Leave out any pictures and transcribe all other data below exactly.

======== Data section

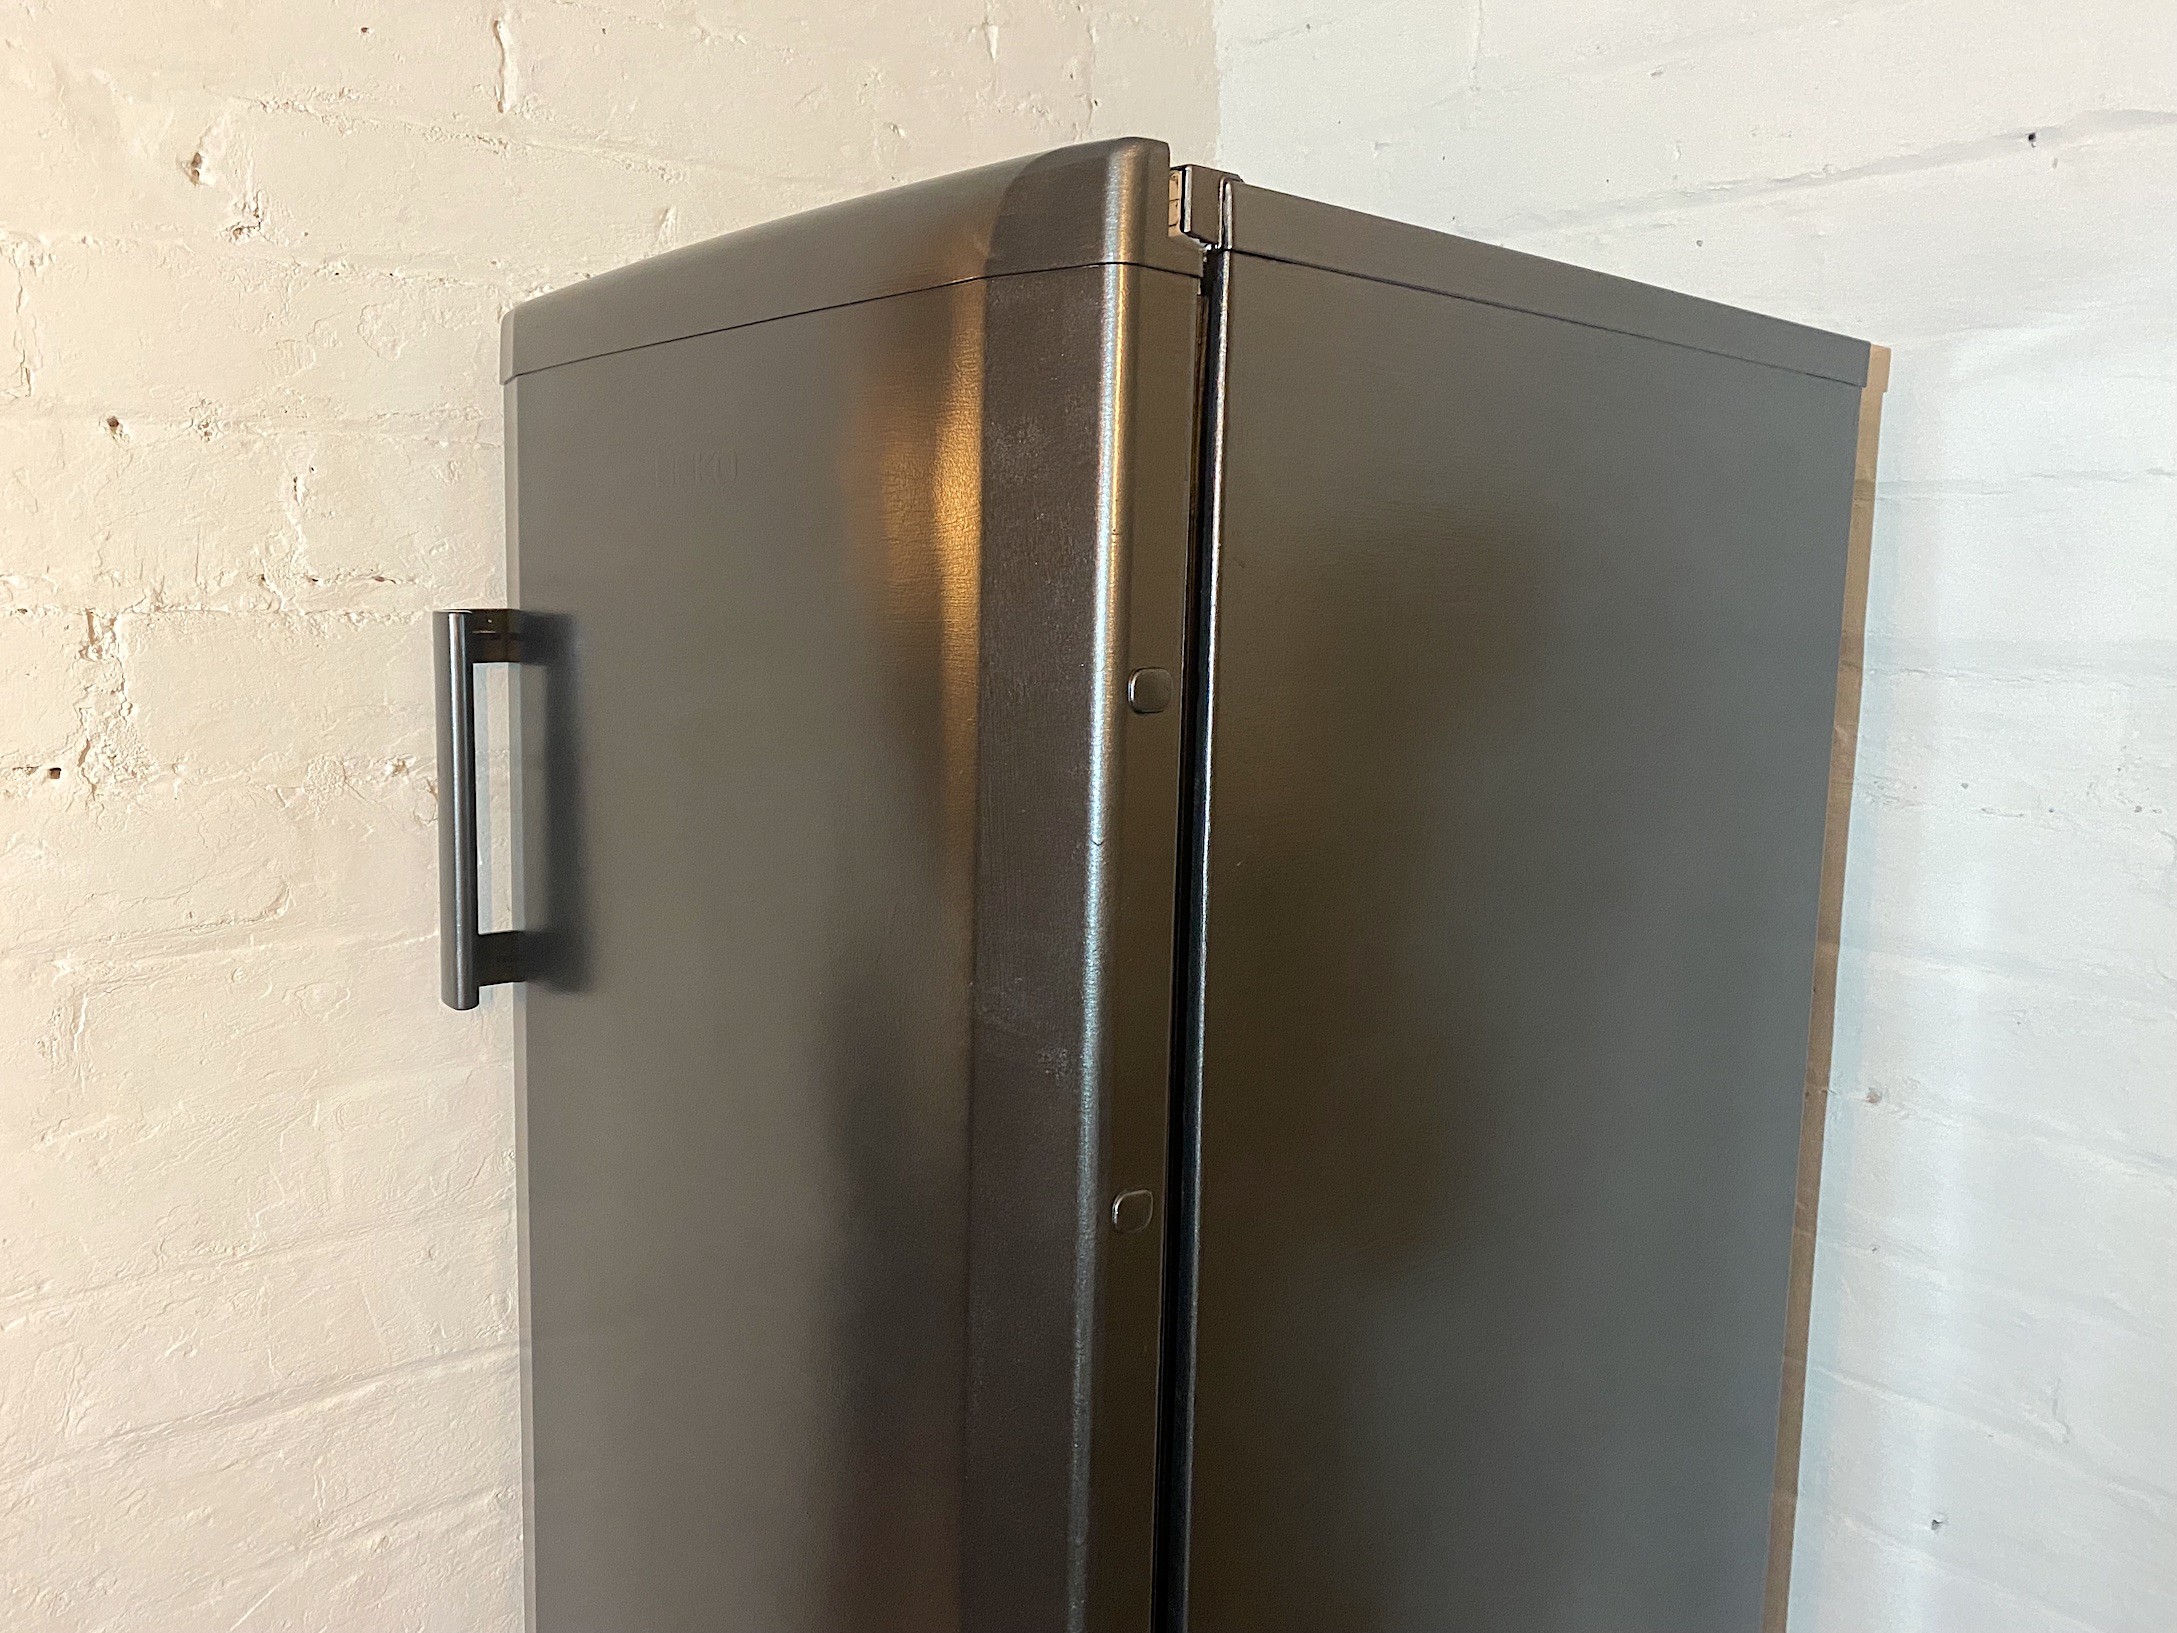 V33 painted fridge freezer
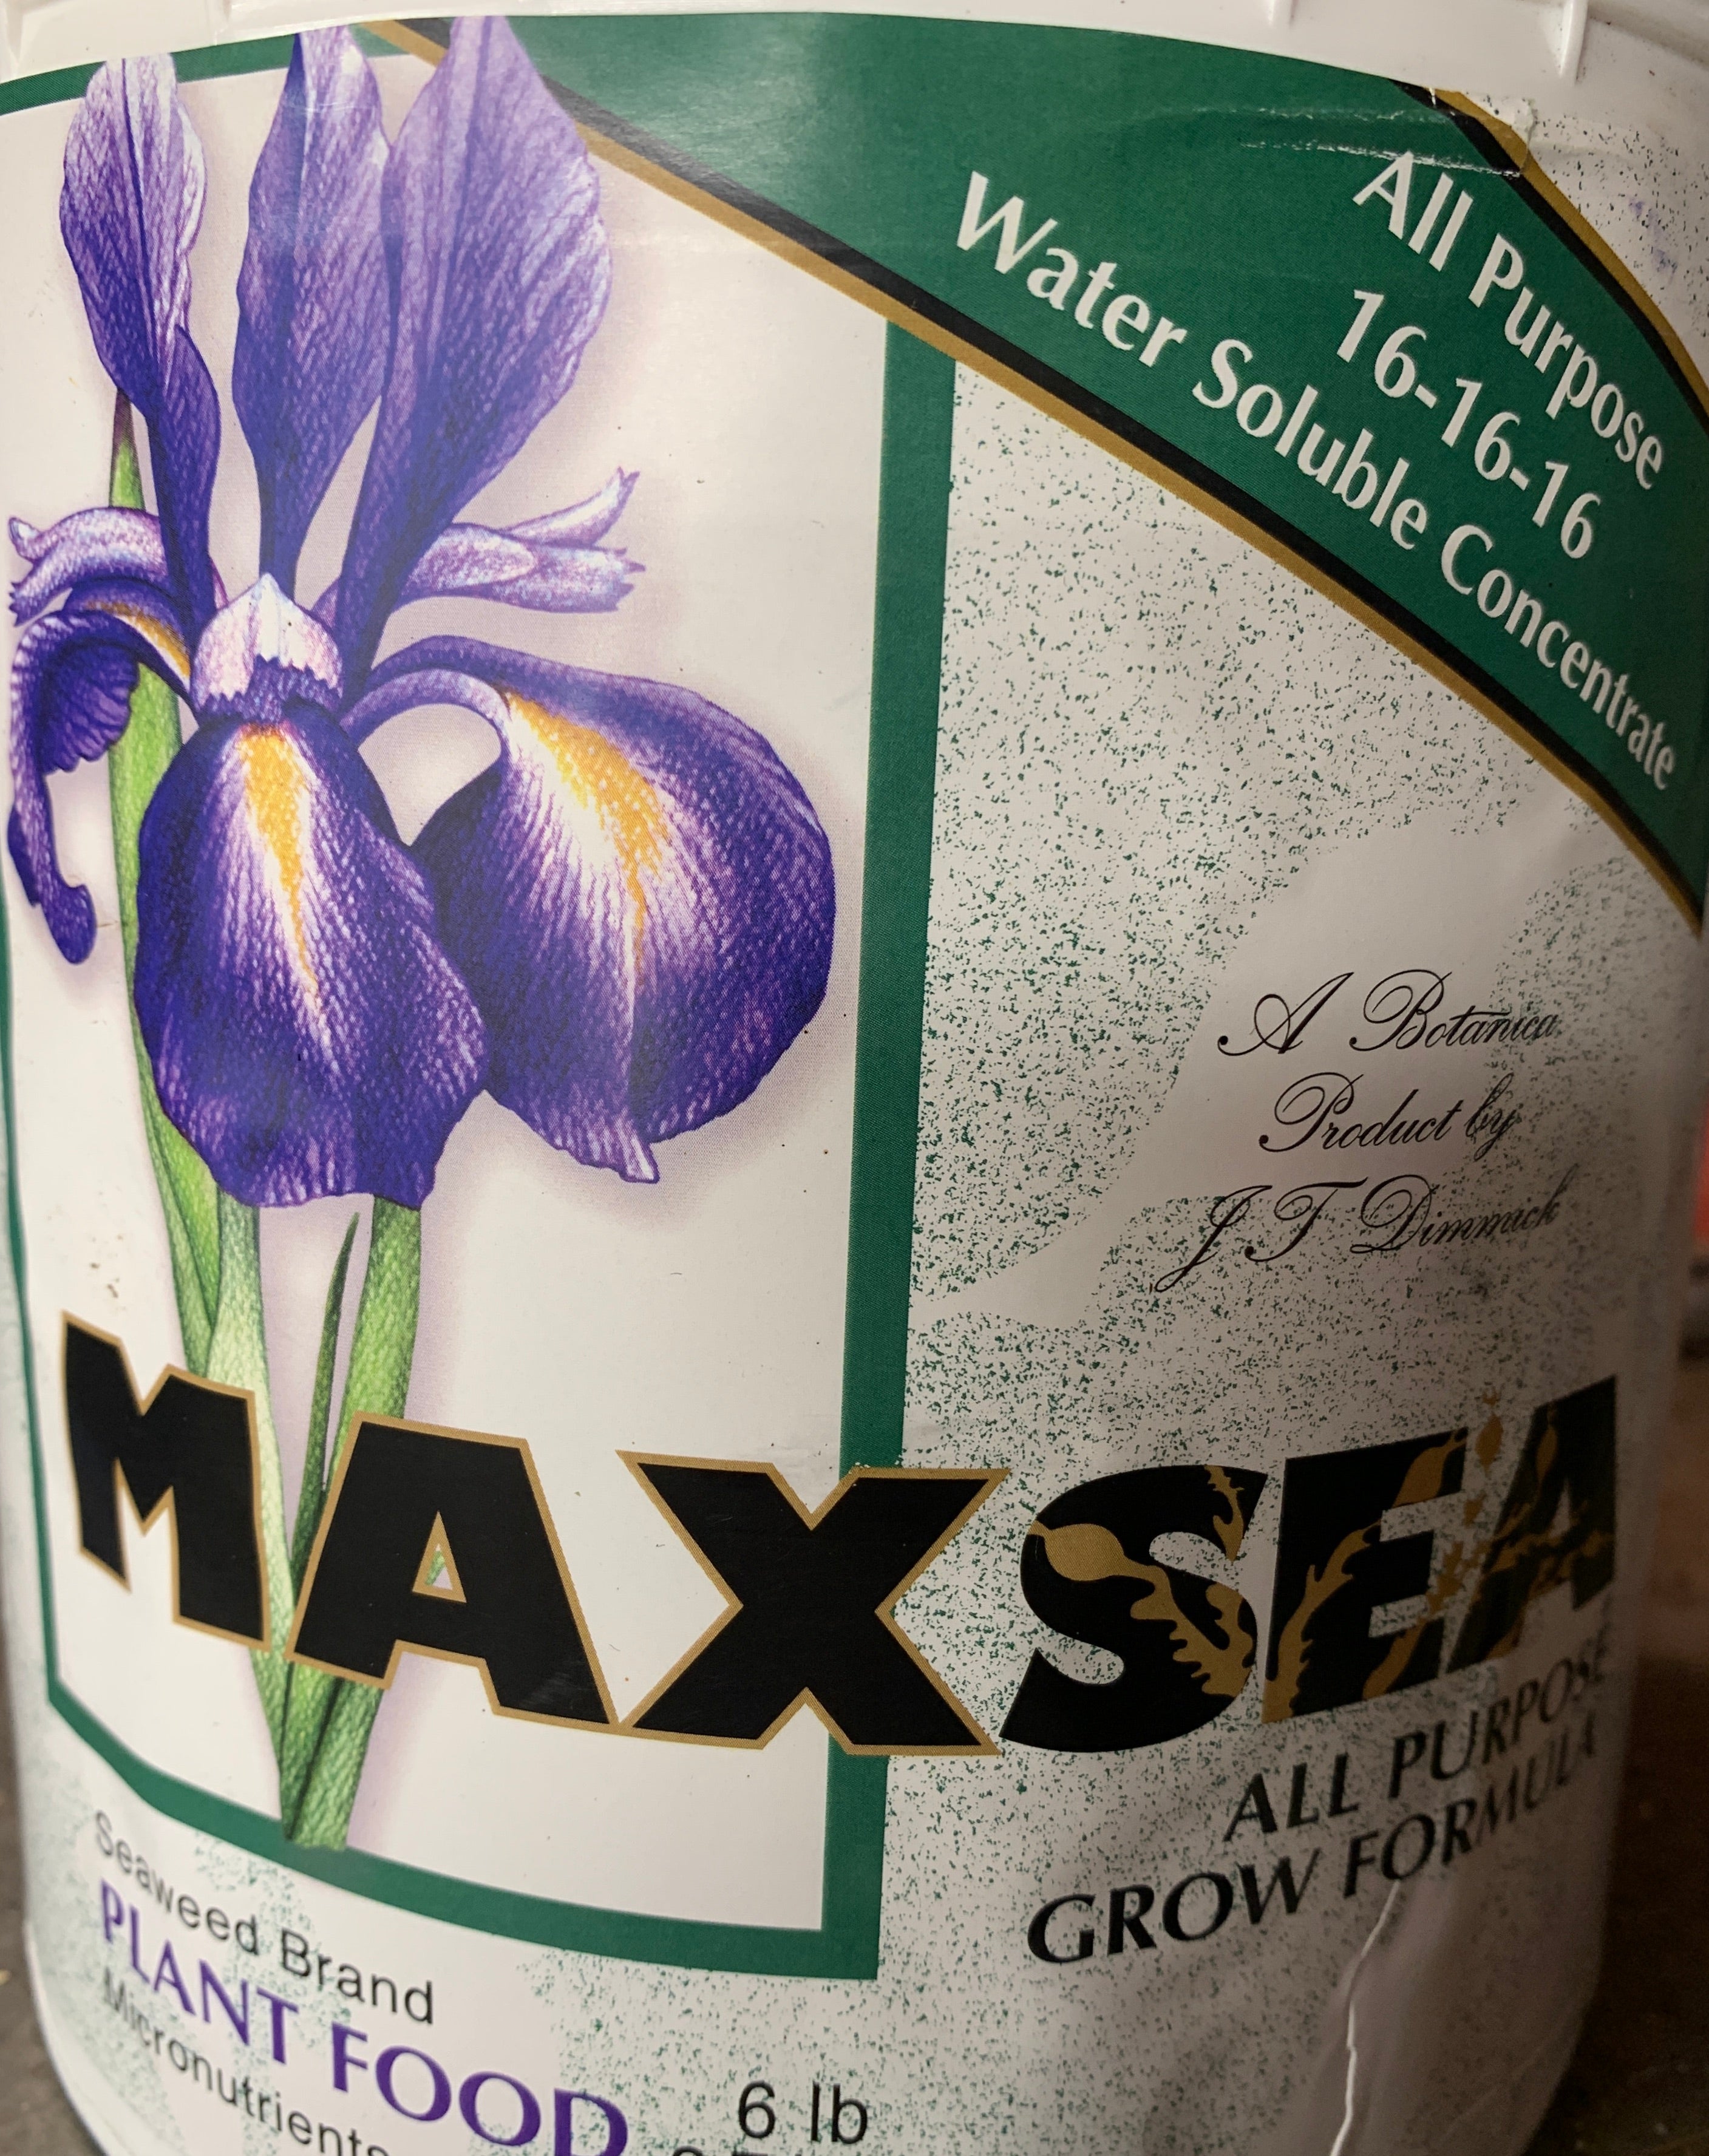 Maxsea Carnivorous Plant Fertilizer/Food (powder for 4 Liters/1 Gallon)
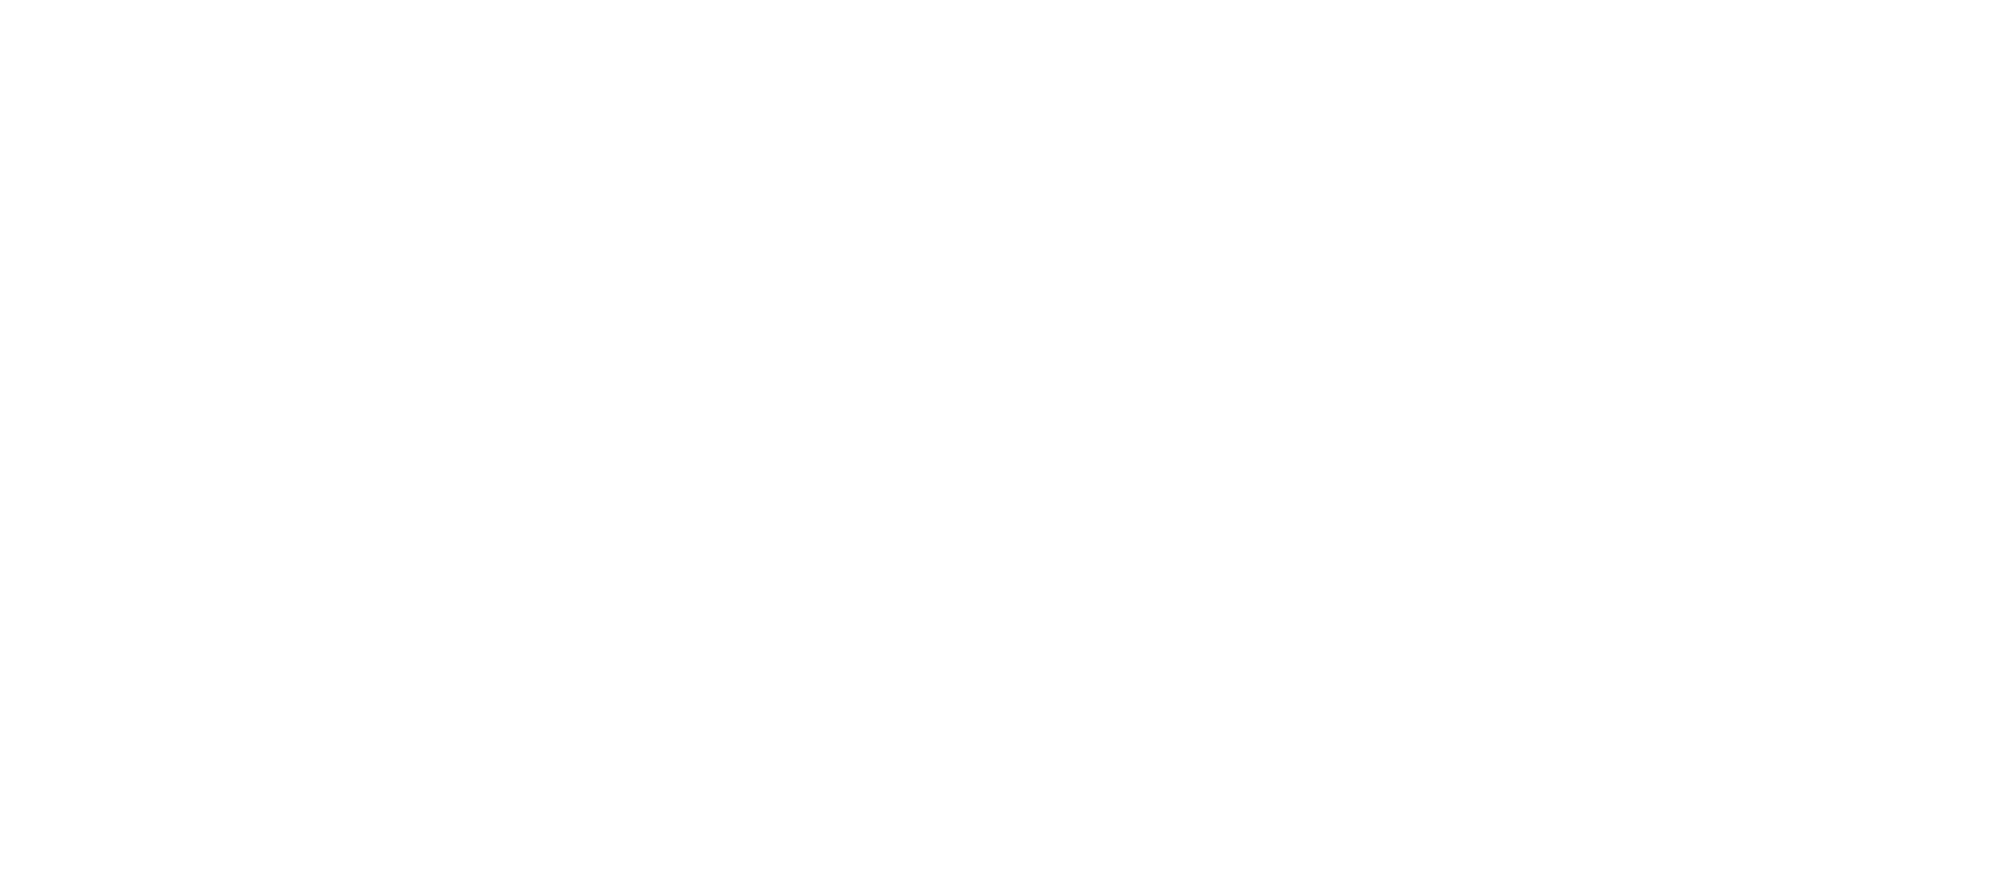 PLATINUM SALES OF BILLERICA, LLC

================

■ Output for this task
 V33 painted fridge freezer
 Maxsea Carnivorous Plant Fertilizer/Food (powder for 4 Liters/1 Gallon)
 PLATINUM SALES OF BILLERICA, LLC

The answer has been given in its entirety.